Auch Johann Sebastian Bach bediente sich Jahrzehnte später in seinen Kompositionen dieser beliebten Musikform und baute sie in seinen Werken ein. Das wohl geläufigste Beispiel eines mit „Air“ zu
bezeichnenden Satzes findet sich in Bachs Orchestersuite D-Dur BMV 1068. Nicht alle Instrumente sind im Einsatz, sondern nur die Streicher und der Bass. Trompeten und Oboen schweigen. Hier kommt wieder die Einfachheit zum Vorschein, die „Air“ so unvergleichlich macht. Auch in seiner zweiten und vierten „französischen Suite“ sind Airs enthalten. Bis heute am beliebtesten ist aber die oben genannte Orchestersuite und ist auf sehr vielen Barock Alben enthalten.
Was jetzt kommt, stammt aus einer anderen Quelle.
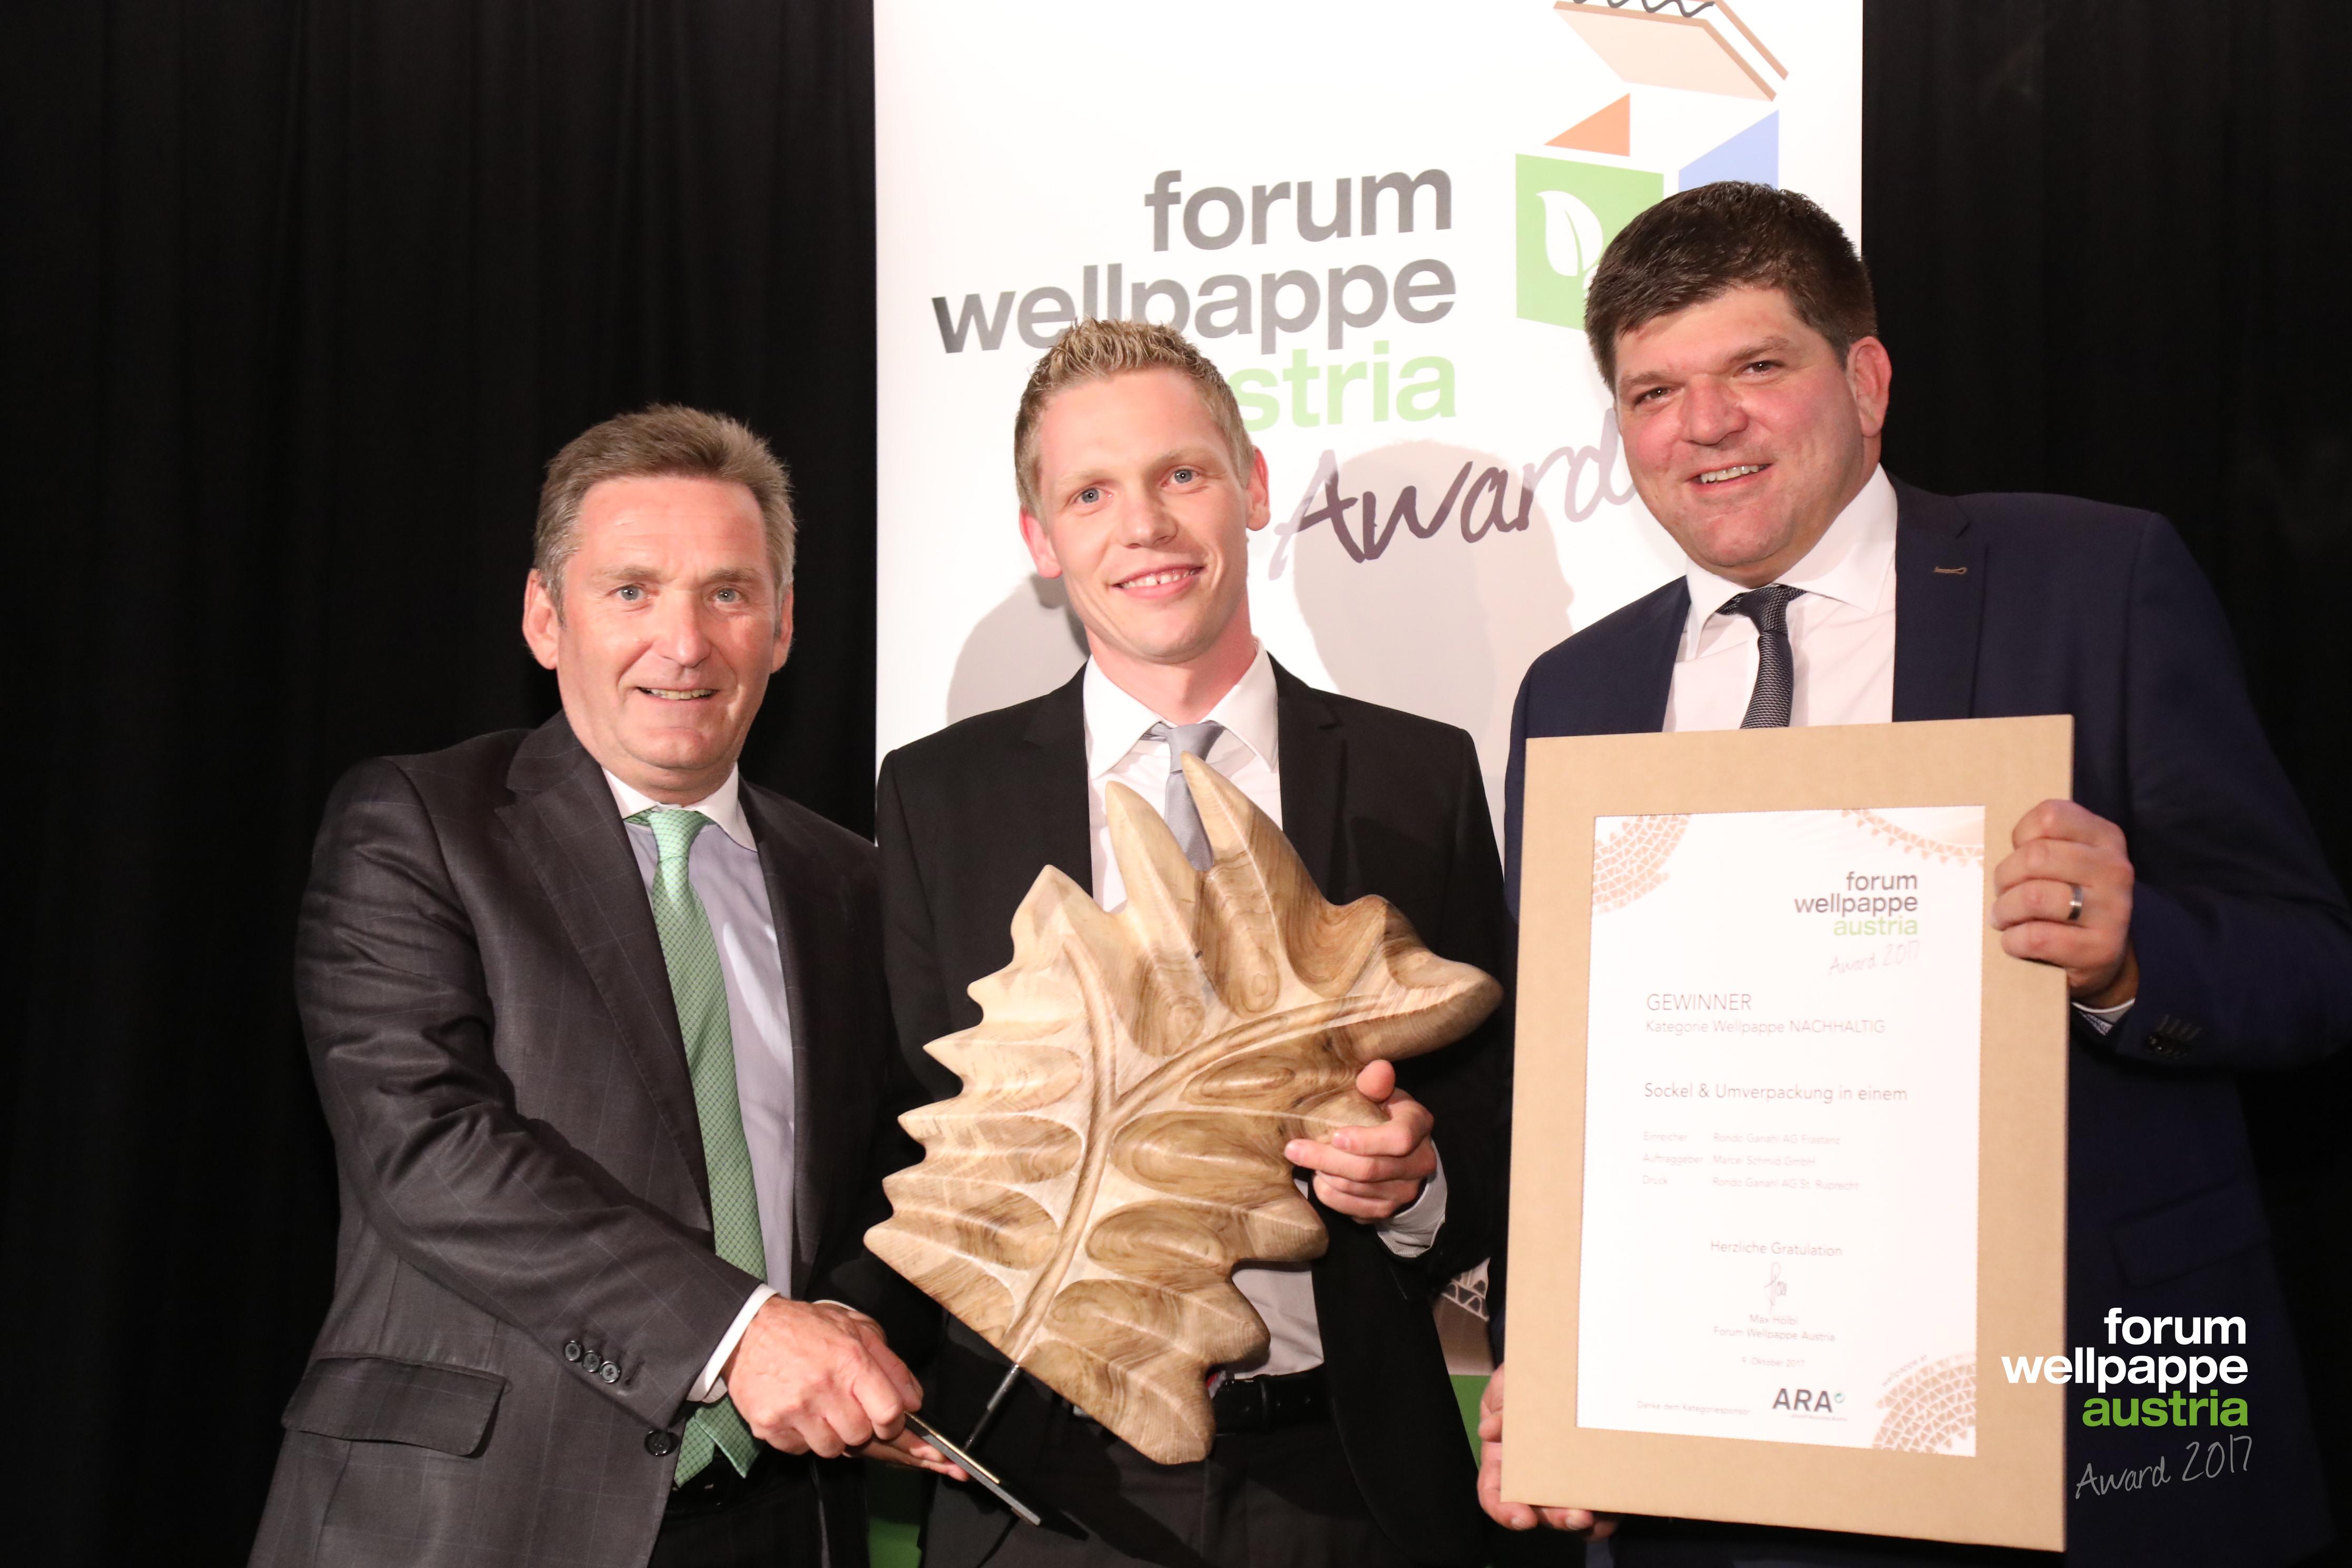 Wellpappe Award 2017 Gewinner Nachhaltig W. Knausz ARA M. Geiger Rondo S. Kaar Rondo © L. Schedl

Gab es noch andere bekannte Komponisten, die „Air“ in ihren Stücken verwendeten?

Der Geiger August Wilhemj erarbeitete aus Bachs Komposition BMV 1068 eine neue Variante, und zwar wird diese nur mit der G Saite der Violine gespielt. Dieses wurde als „Air on the G String“ bekannt und erfreut sich bis heute sehr großer Beliebtheit, vor allem auch im englischsprachigen Raum.
Georg Friedrich Händel bezeichnete den sechsten Satz der ersten Suite in F-Dur - aus seiner „Wassermusik“ - als Air. Dieses Stück wird auch heute noch sehr gern von Barock Ensembles gespielt.